The development and progression of tumors are closely linked to metabolism, and metabolic genes may play a significant role in the prognosis of cancer patients [19]. This study identified metabolic gene sets with distinct activity patterns in PanCK-expressing and CD45-expressing regions. The study’s findings related to metabolic gene activity also offer new perspectives on breast cancer biology. Dysregulated metabolism is a hallmark of cancer, and understanding the specific metabolic pathways involved in breast cancer progression could lead to the development of targeted therapies that disrupt tumor growth and survival [20]. Five genes were found to impact patient survival. DGAT1, a gene known to promote tumor progression in ovarian and prostate cancer [21, 22], was found to promote the proliferation and migration of breast cancer cells [23]. DUT, overexpressed in 42% of HCC tumors, was found to correlate with advanced stage HCC and promote cell cycle arrest and DNA damage. Transcriptome analysis revealed that NF-κB signaling is the downstream effector pathway of DUT, and overexpressing DUT in liver progenitor organoids conferred drug resistance to TKI Sorafenib [24]. LYPLA1 was found to be associated with poor prognosis in lung adenocarcinoma [25], while POLR2K was identified as one of the top 10 cancer immunotherapy proteins related to breast cancer by machine-learning predictions [26]. SMPD4 was also found to be a lipid metabolism-related gene associated with hepatocellular carcinoma prognosis [27]. Overall, this study sheds light on the relationship between metabolism and breast cancer, and provides a basis for further molecular biology experiments. However, additional analysis using larger samples from diverse populations is needed to confirm these findings.

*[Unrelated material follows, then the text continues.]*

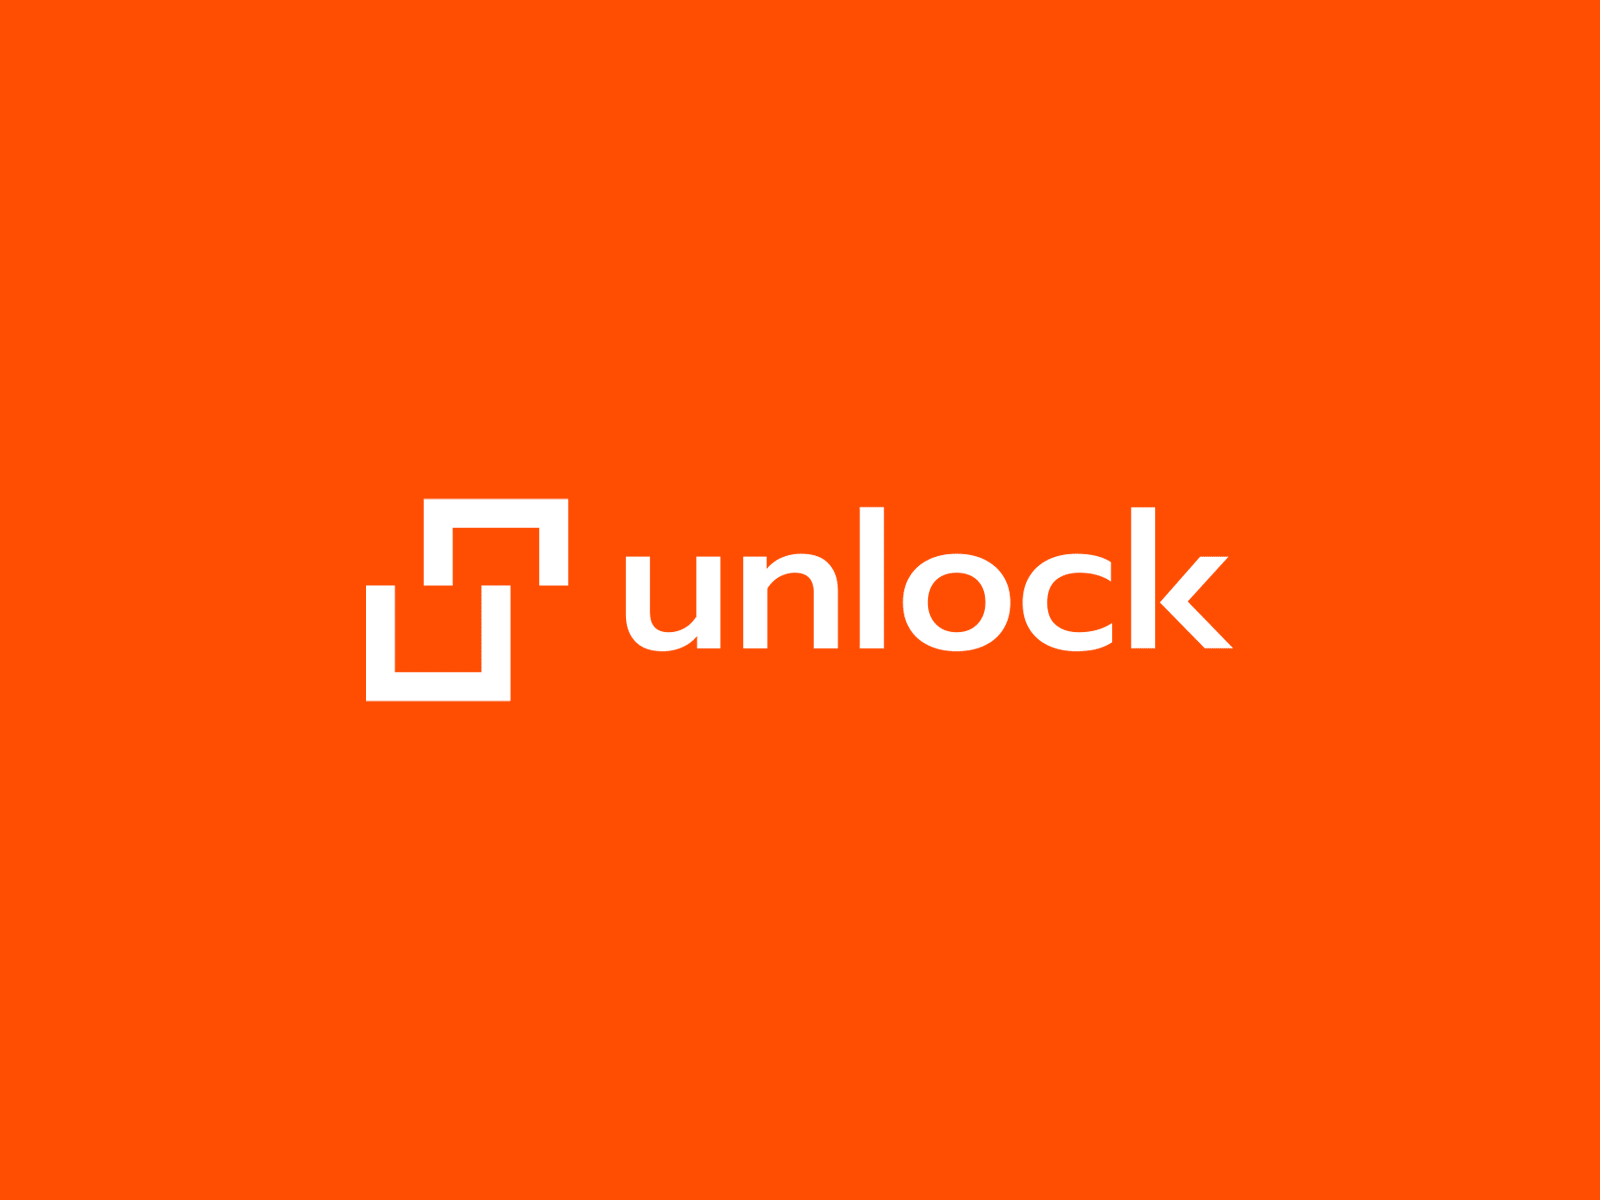 Unlock agency bis branding design flat graphic design logo minimal typography unlock vector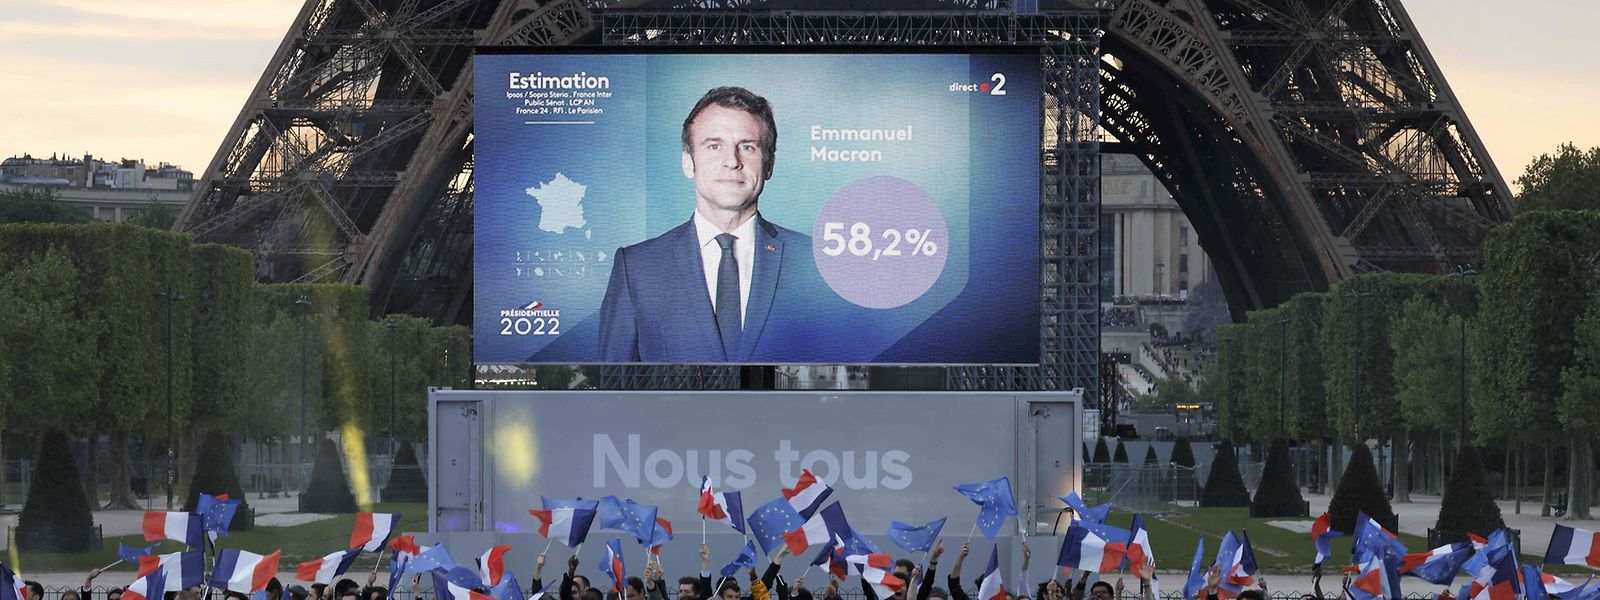 Wie die Sender France 2 und TF1 am Sonntagabend berichteten, setzte sich Emmanuel Macron deutlich gegen die rechtsnationale EU-Kritikerin Marine Le Pen durch. Der amtierende Präsident gewann laut Hochrechnungen von IPSOS die Stichwahl mit 58,2 Prozent der Stimmen.

In conclusion, this study enhances our understanding of breast cancer biology, focusing on gene expression, immune infiltration, and metabolic processes. The identified gene sets and immune-related factors have potential as prognostic biomarkers and therapeutic targets for breast cancer patients. These insights into immune modulation and metabolic dysregulation offer novel treatment opportunities that can complement traditional approaches. The findings underscore the importance of personalized treatment approaches that consider the unique molecular and immune characteristics of individual tumors. Overall, this research opens up new avenues for clinical interventions and may improve patient outcomes in breast cancer management.